BTW I don't think we're giving up the ability to tokenize only a subset of files. If we filter out files, we can just omit their spelled token stream and omit their tokens from the expanded stream. There's complexity if we want to reject a file and accept its includes, but I think the most important case is "tokenize the main file only" where that's not an issue.

store information about preprocessor directives and macro replacements in each FileID

I do think it's useful to treat these as similar things - both for the implementation of mapping between streams, and for users of the API. My hope is that most callsites won't have to consider issues of macros, PP directives, ifdef'd code, etc as separate issues.

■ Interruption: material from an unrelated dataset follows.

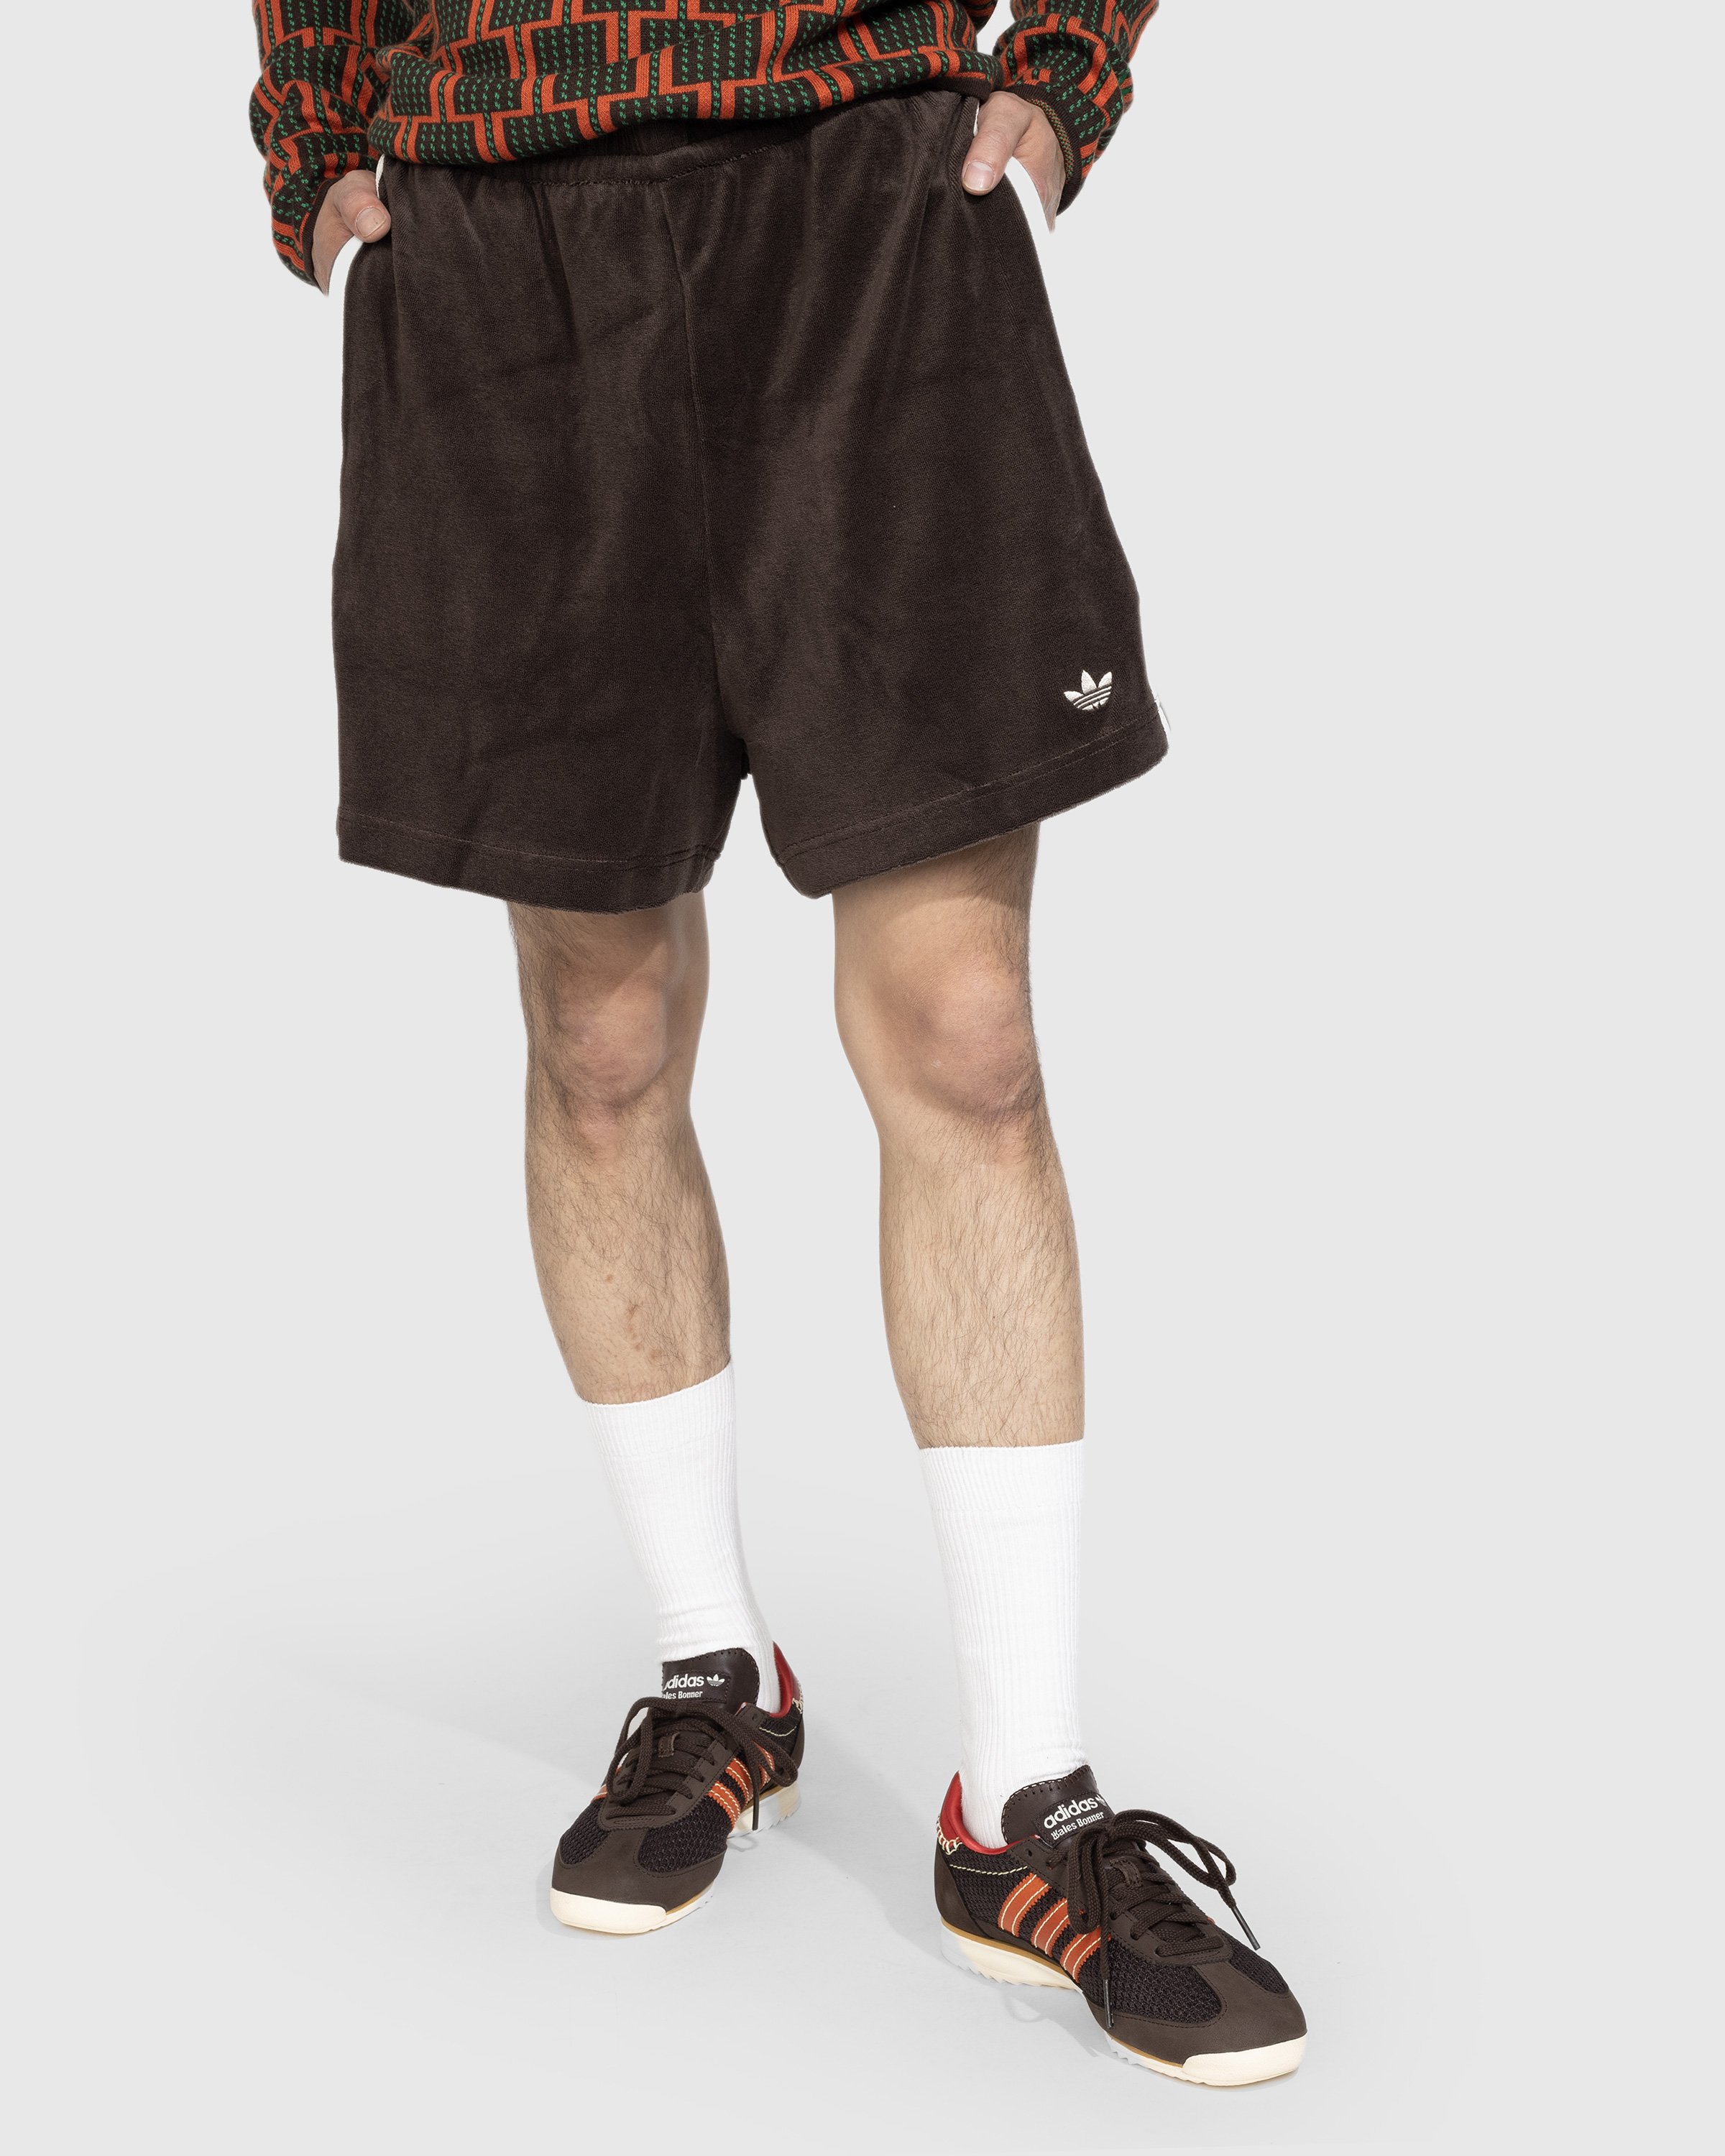 Adidas x Wales Bonner - Cotton Blend Shorts Dark Brown - Clothing - Brown - Image 2

support an operation of mapping a subrange of expanded tokens into the subrange of raw-tokens in a particular FileID. This operation might fail

Yes, though I don't have a great intuition for what the API should look like

  • if you select part of an expansion, should the result include the macro invocation, exclude, or fail?
  • if the expansion range ends at a zero-size expansion (like a PP directive), should it be included or excluded?
  • if the result spans files, is that a failure or do we represent it somehow?

Some of these probably need to be configurable
(We also have the mapping in the other direction, which shouldn't fail)

clang/lib/Tooling/Syntax/TokenBuffer.cpp
42 ↗(On Diff #192839)

this is recognizing keywords, right?
add a comment?

70 ↗(On Diff #192839)

I suspect this state isn't needed if we use a single tokenbuffer for all files

Not sure what the implications of design changes are, so will defer reviewing details of tokencollector (which generally looks good, but is of course highly coupled to lexer/pp) and range mapping (which I suspect could be simplified, but depends heavily on the model).

clang/lib/Tooling/Syntax/TokenBuffer.cpp
61 ↗(On Diff #192839)

I'm afraid this really needs a class comment describing what this is supposed to do (easy!) and the implementation strategy (hard!)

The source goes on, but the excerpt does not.